* EXERCISE REQUIREMENTS
Leaving out every picture, please repeat exactly the line that contains "Dearborn Michigan Teamster" and each line after it through the final line below.

* PROVIDED MATERIAL
**********
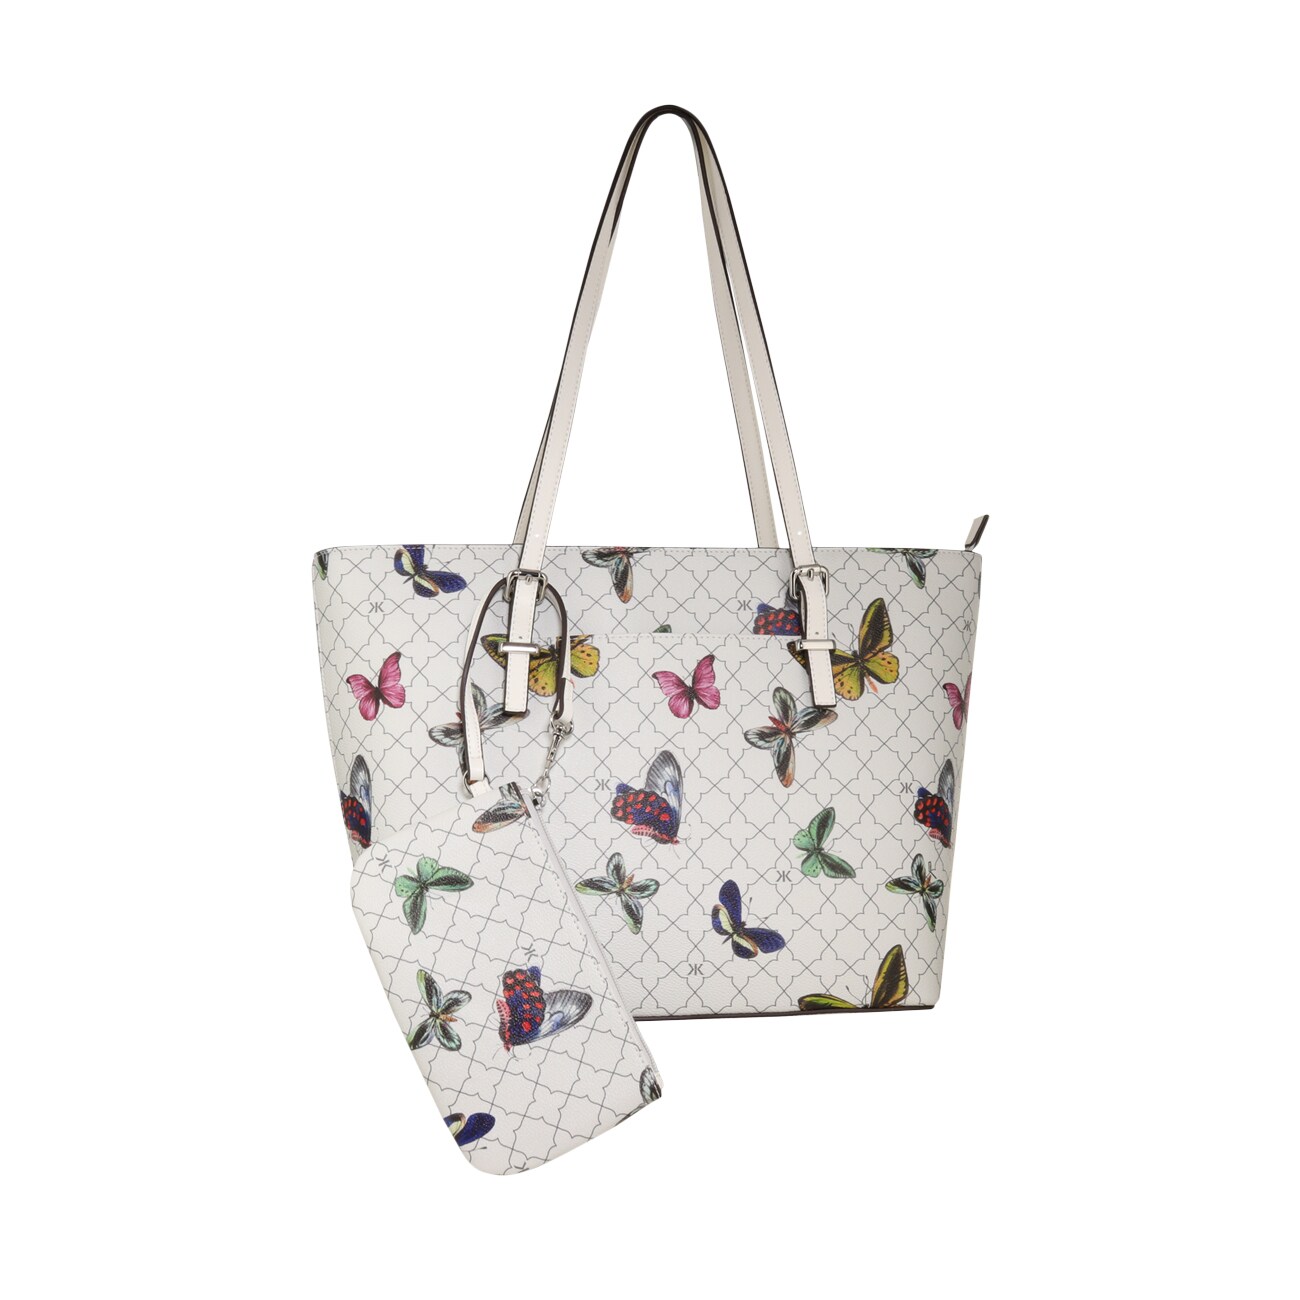 kelly and katie tote bags
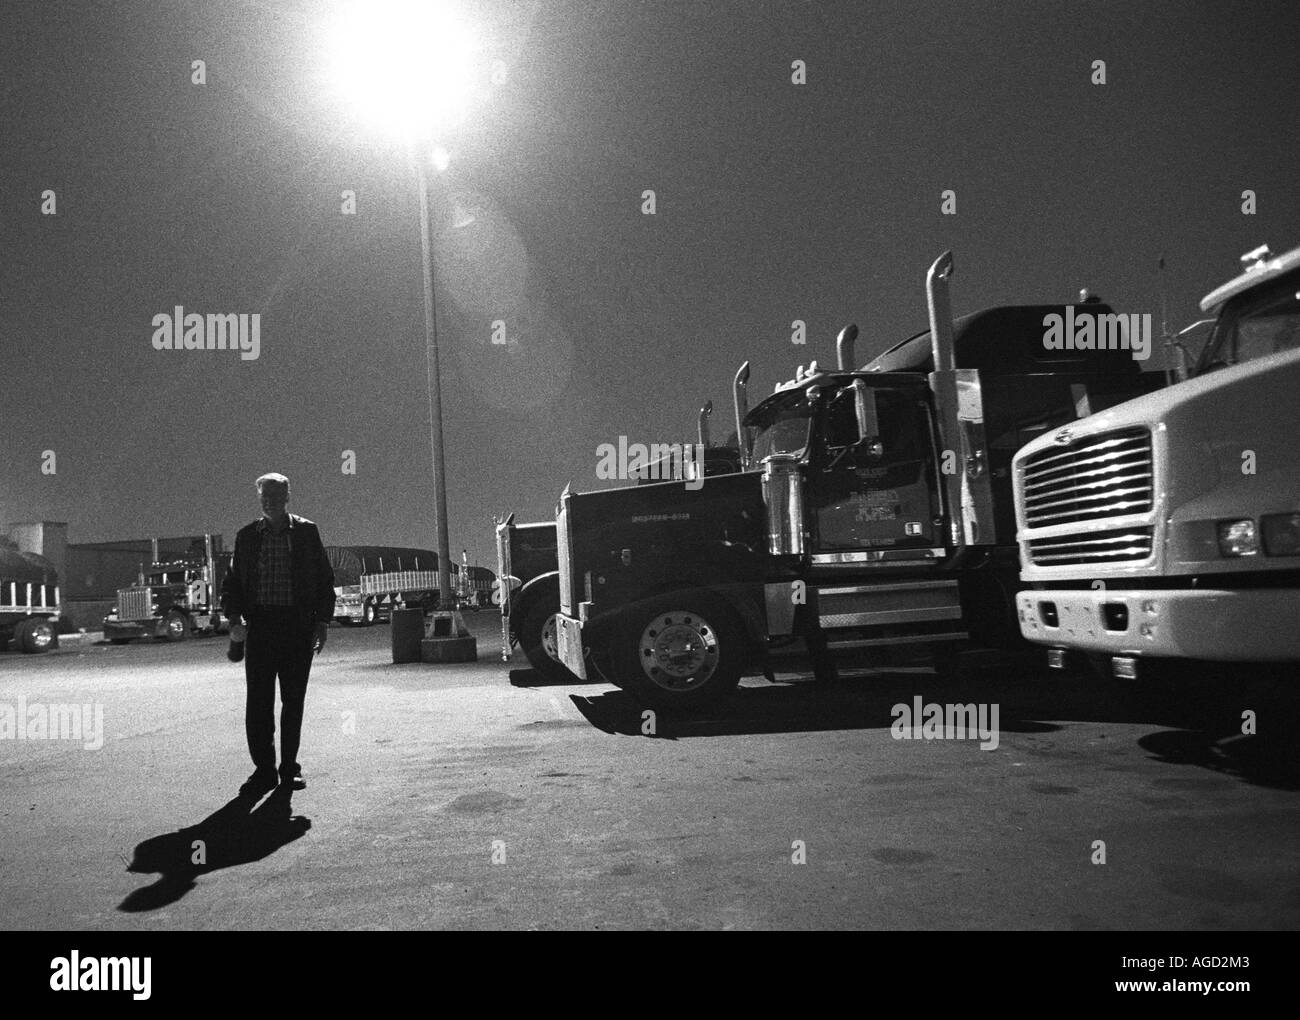 Dearborn Michigan Teamster truck driver at a truck stop in a busy industrial area near Detroit Stock Photo
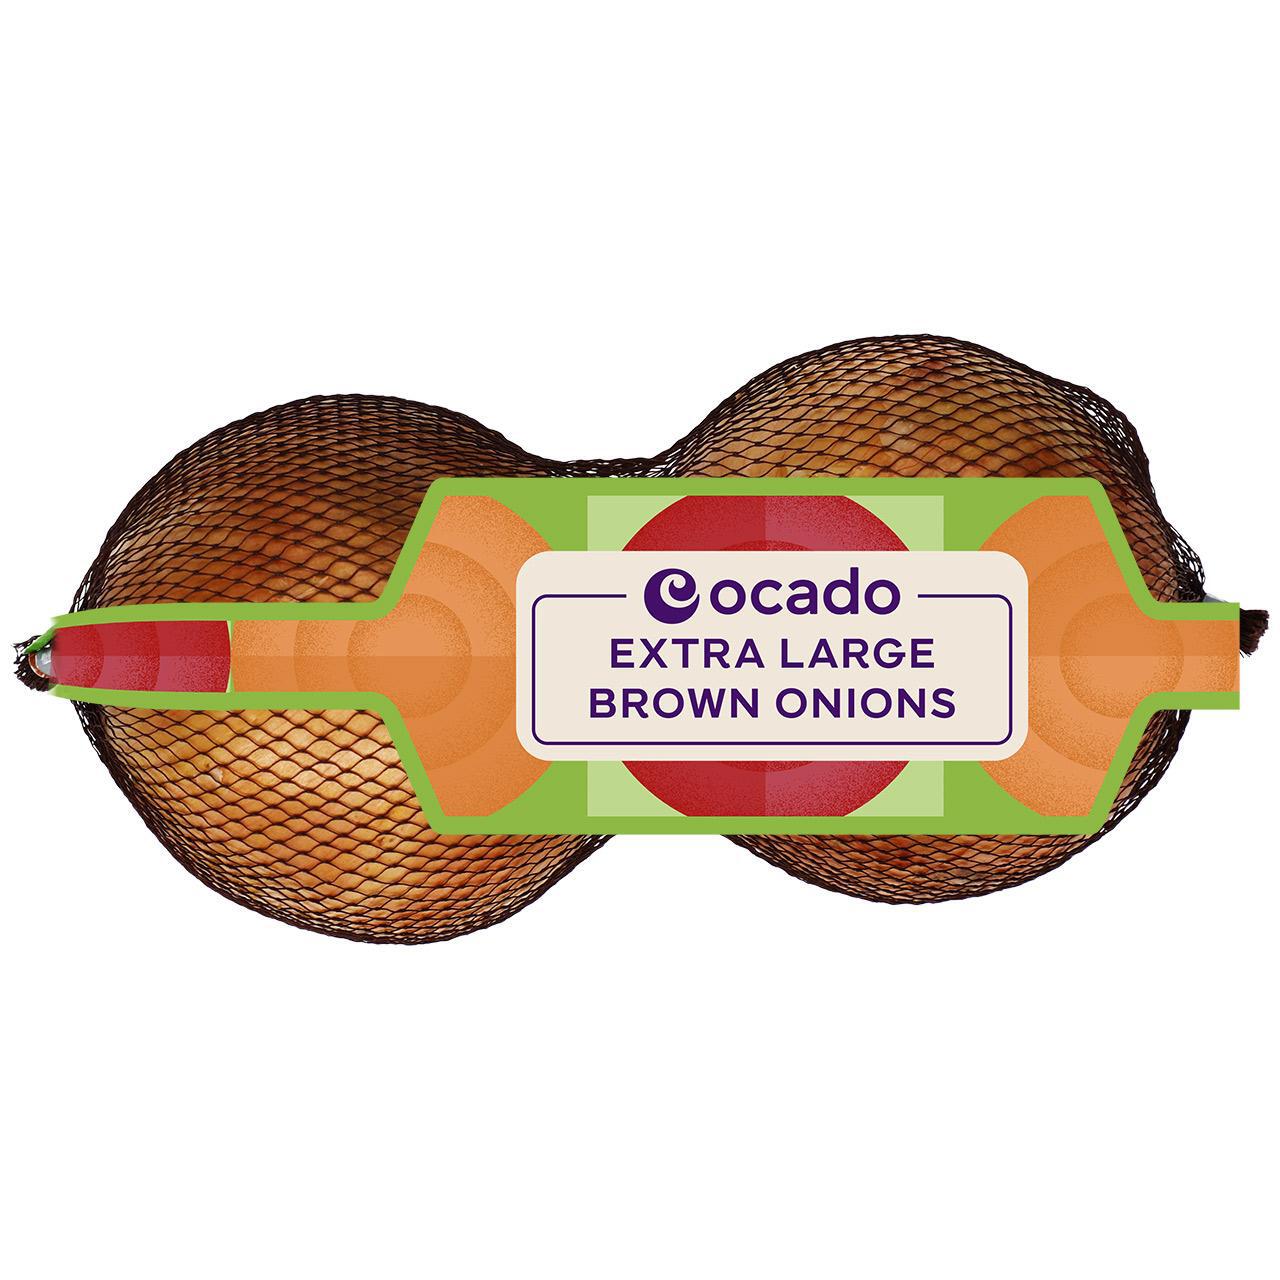 Ocado Extra Large Brown Onions 2 per pack
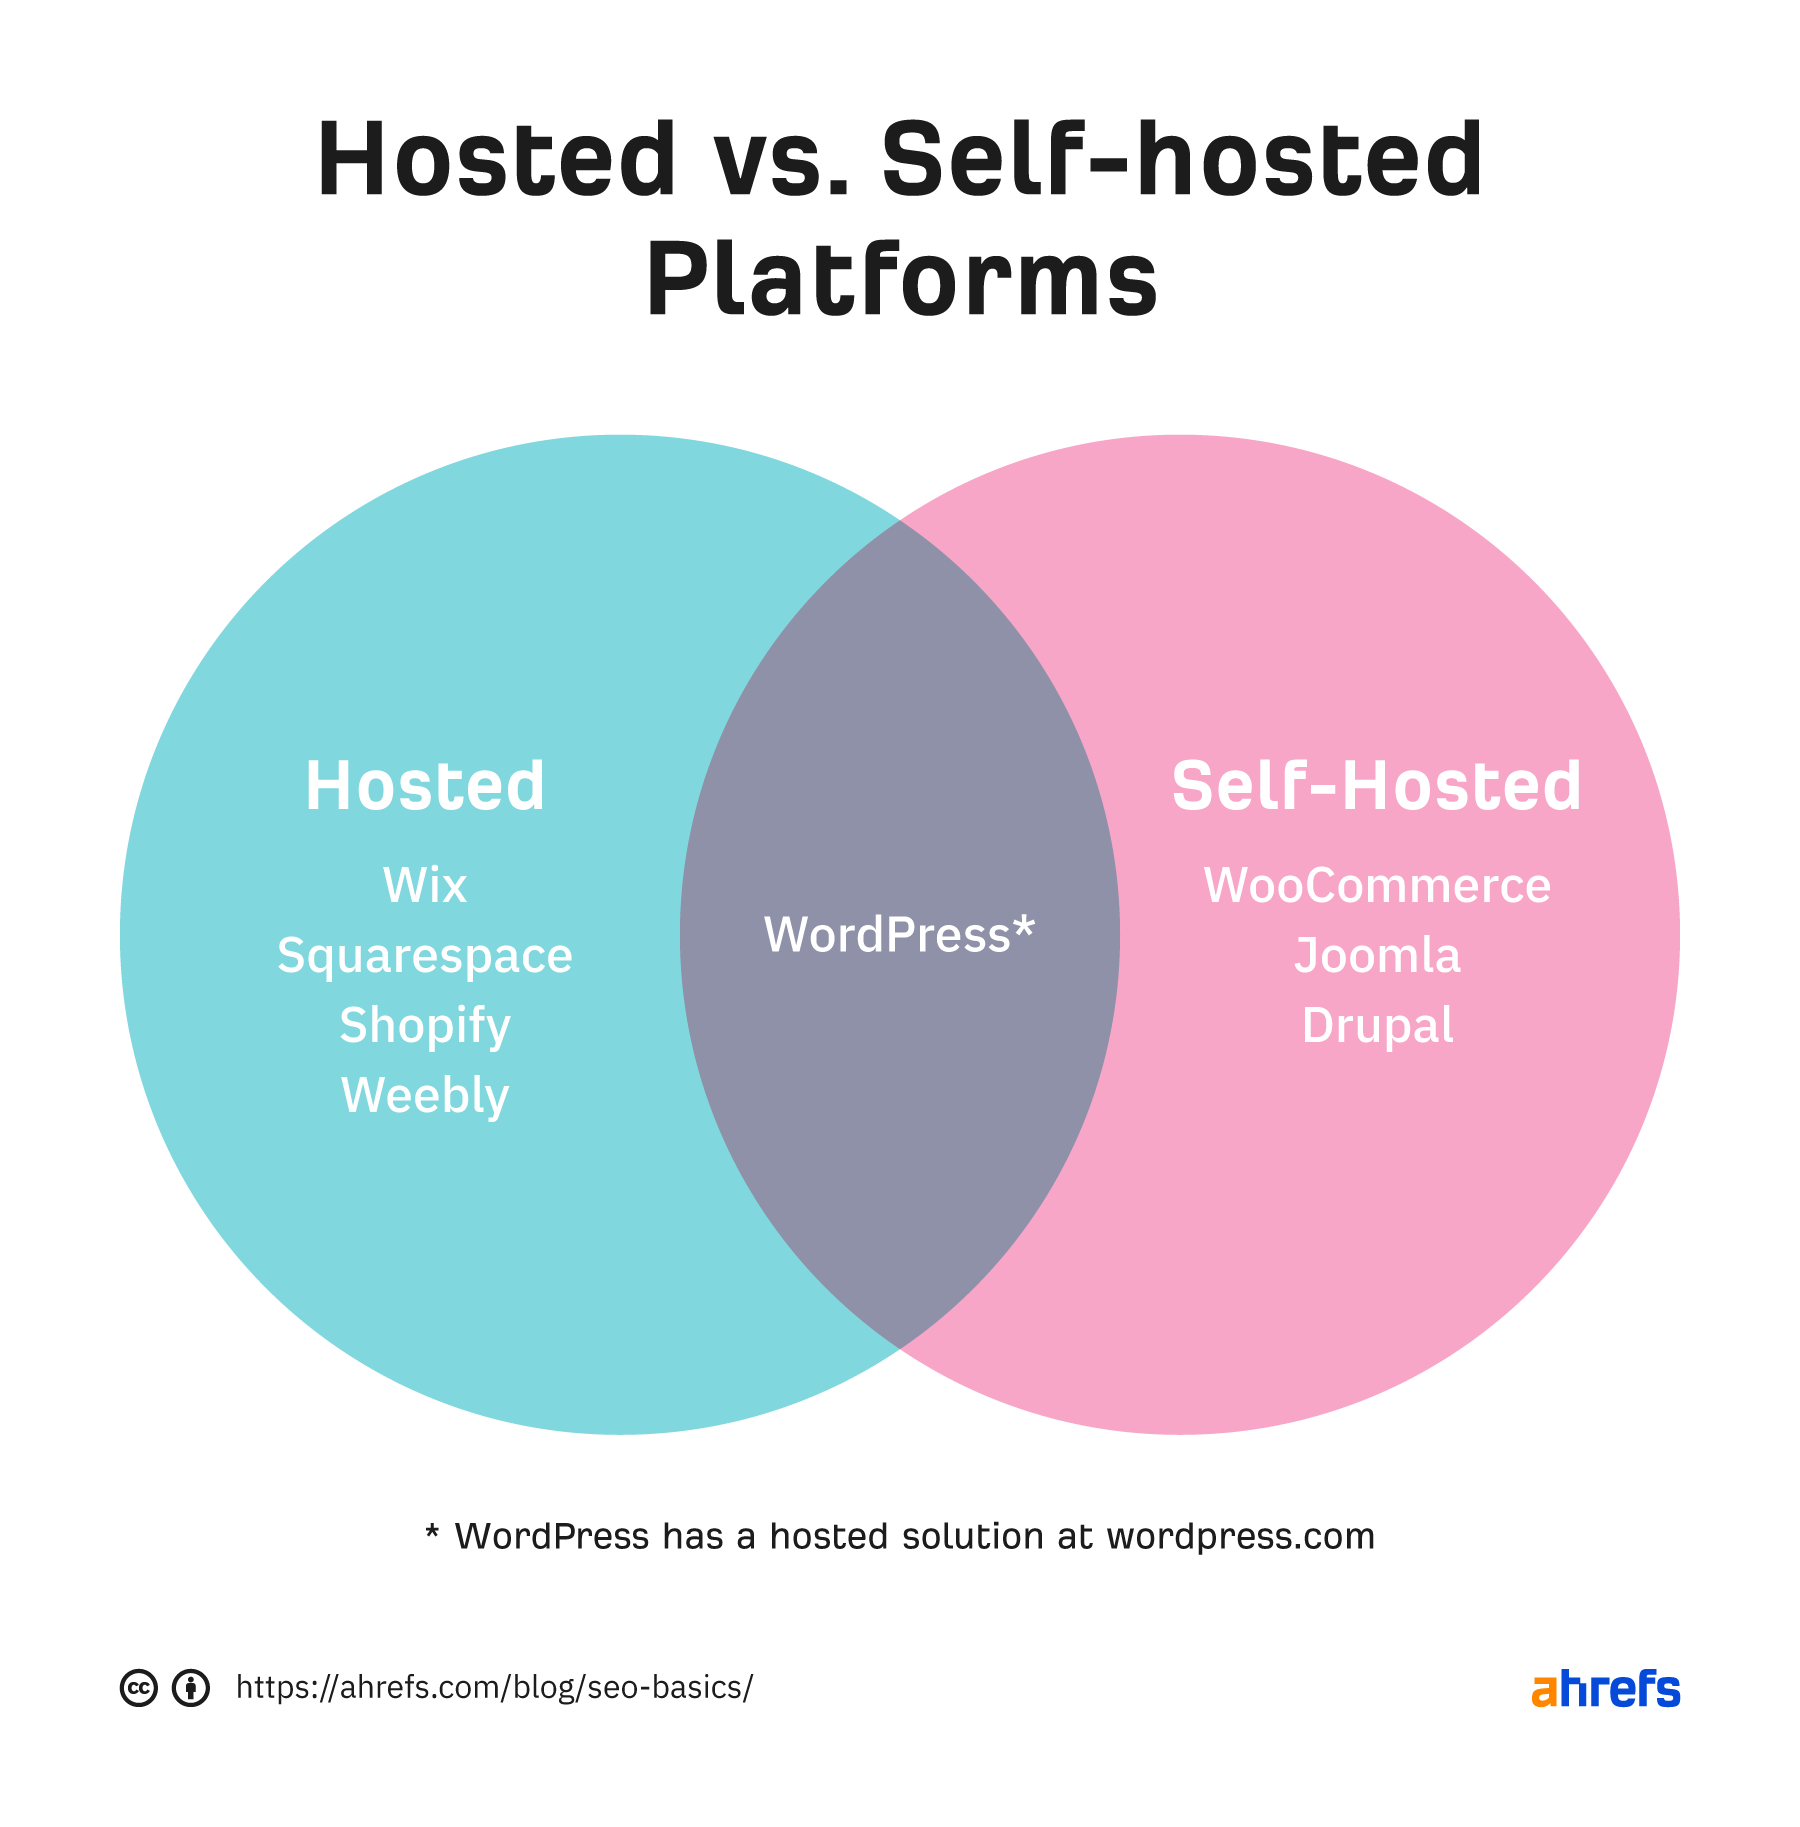 Examples of hosted vs. self-hosted website platforms
**********
* SOLUTION FOR THIS EXERCISE
 Dearborn Michigan Teamster truck driver at a truck stop in a busy industrial area near Detroit Stock Photo
 Ocado Extra Large Brown Onions 2 per pack
 Examples of hosted vs. self-hosted website platforms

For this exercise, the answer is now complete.